Other strong stocks in the renewable energy sector are The Renewable Infrastructure Group — a stock that I own in my own portfolio — and FTSE100 Wind energy giant SSEIn fact, investors today have dozens of such stocks to choose from.

Periods of adverse weather can severely impact the energy production and profits of such companies. But like Nvidia, they also have significant growth potential as the fight against climate change intensifies.

The post “Should I buy NVIDIA shares? I think these AI-related stocks could be better investments” appeared first on The Motley Fool UK.

Further reading

John Mackey, former CEO of Whole Foods Market, an Amazon subsidiary, is a member of The Motley Fool’s board of directors.
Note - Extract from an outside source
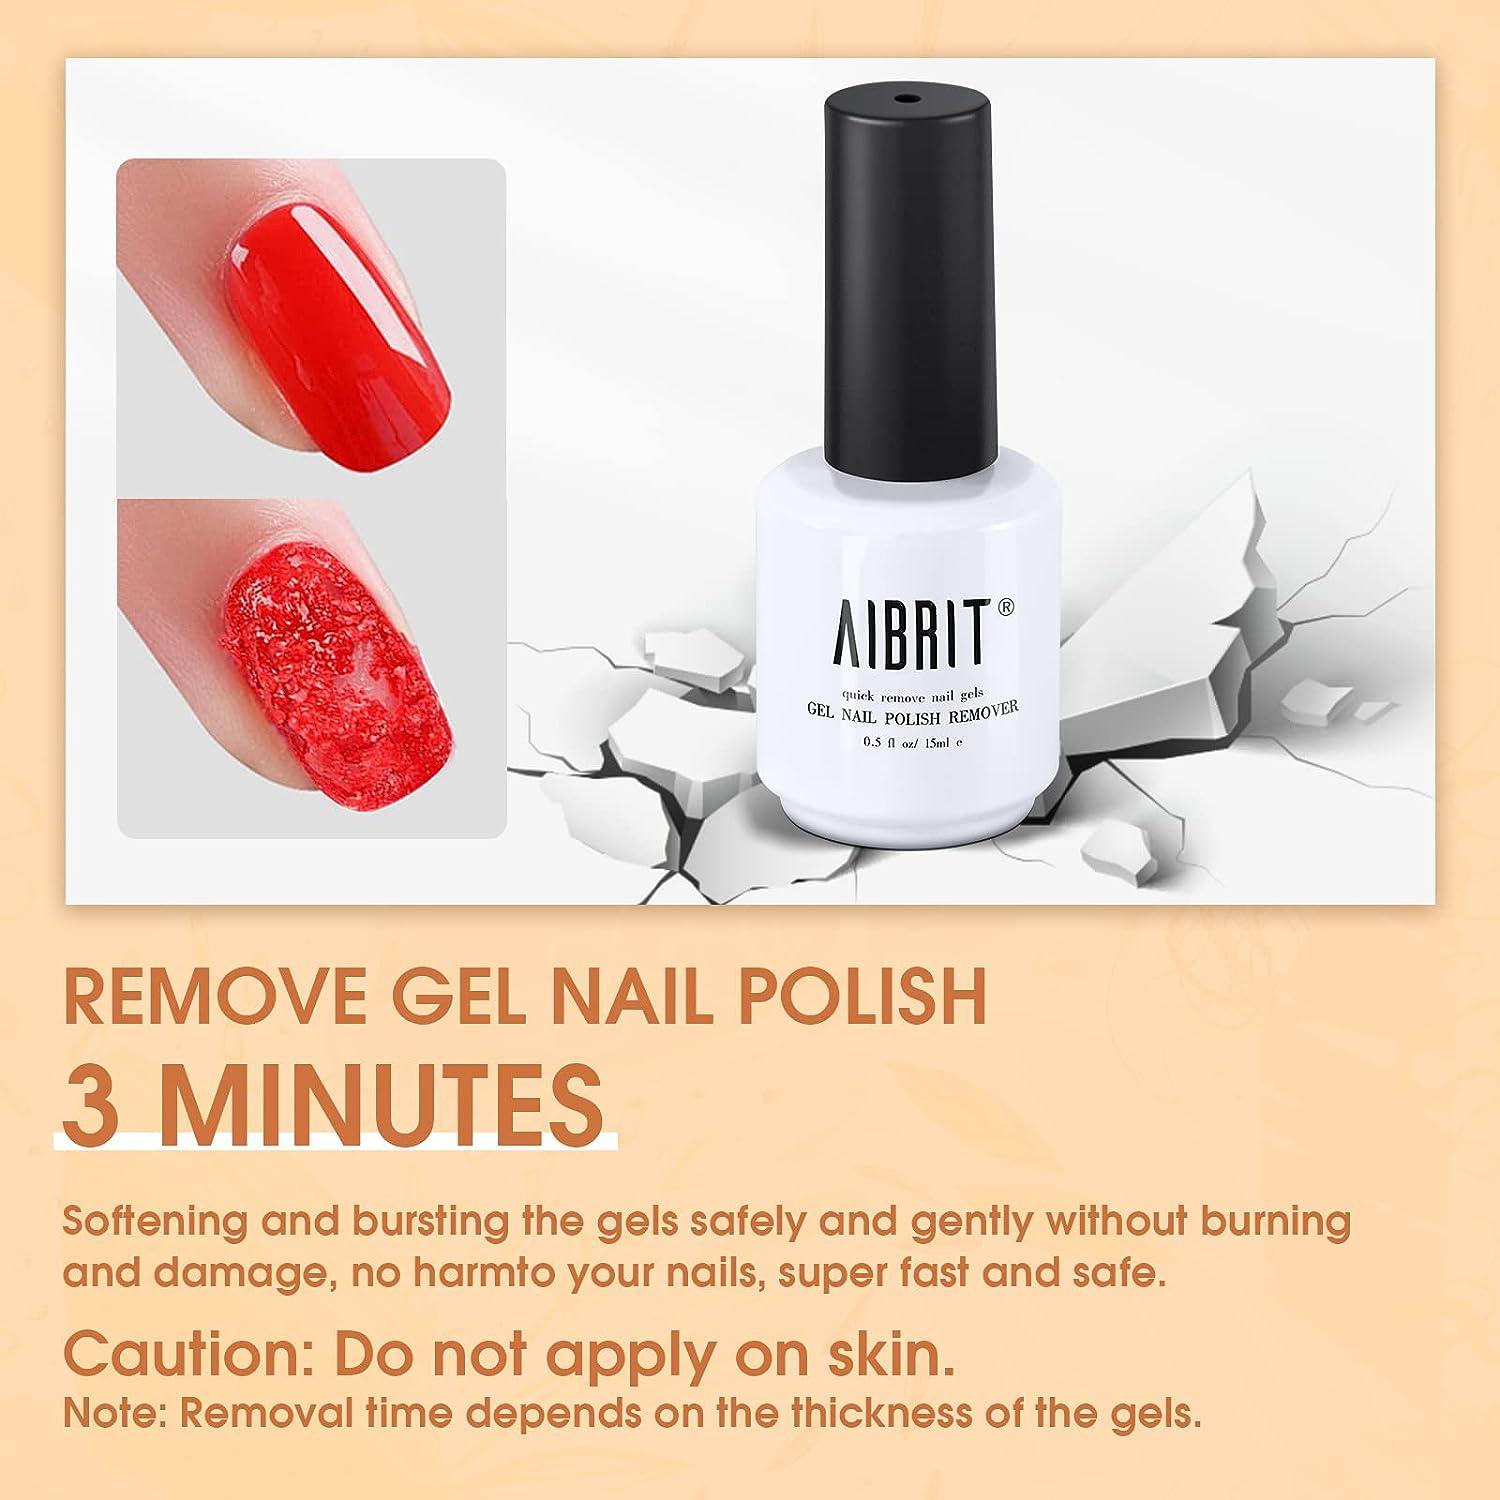 Amazon.com : BesTby Gel Nail Polish Remover (2 PACKS 15ML), Professional Gel  Polish Remover 3-5 Minutes with Liquid Latex Tape Protect Cuticle, Quickly  & Easily Gel Remover Tool Remove Gel Nail Polish :

Randi Zuckerberg, a former director of market development and spokesperson for Facebook and sister of Meta Platforms CEO Mark Zuckerberg, is a member of The Motley Fool’s board of directors. Suzanne Frey, an executive at Alphabet, is a member of The Motley Fool’s board of directors. Royston Wild holds positions in the Renewables Infrastructure Group. The Motley Fool UK has recommended Alphabet, Amazon, Apple, Meta Platforms, Microsoft, Nvidia, and Tesla. The views expressed about companies mentioned in this article are those of the author and may therefore differ from the official recommendations we make in our subscription services such as Share Advisor, Hidden Winners, and Pro. At The Motley Fool, we believe that considering a diverse range of insights makes us better investors.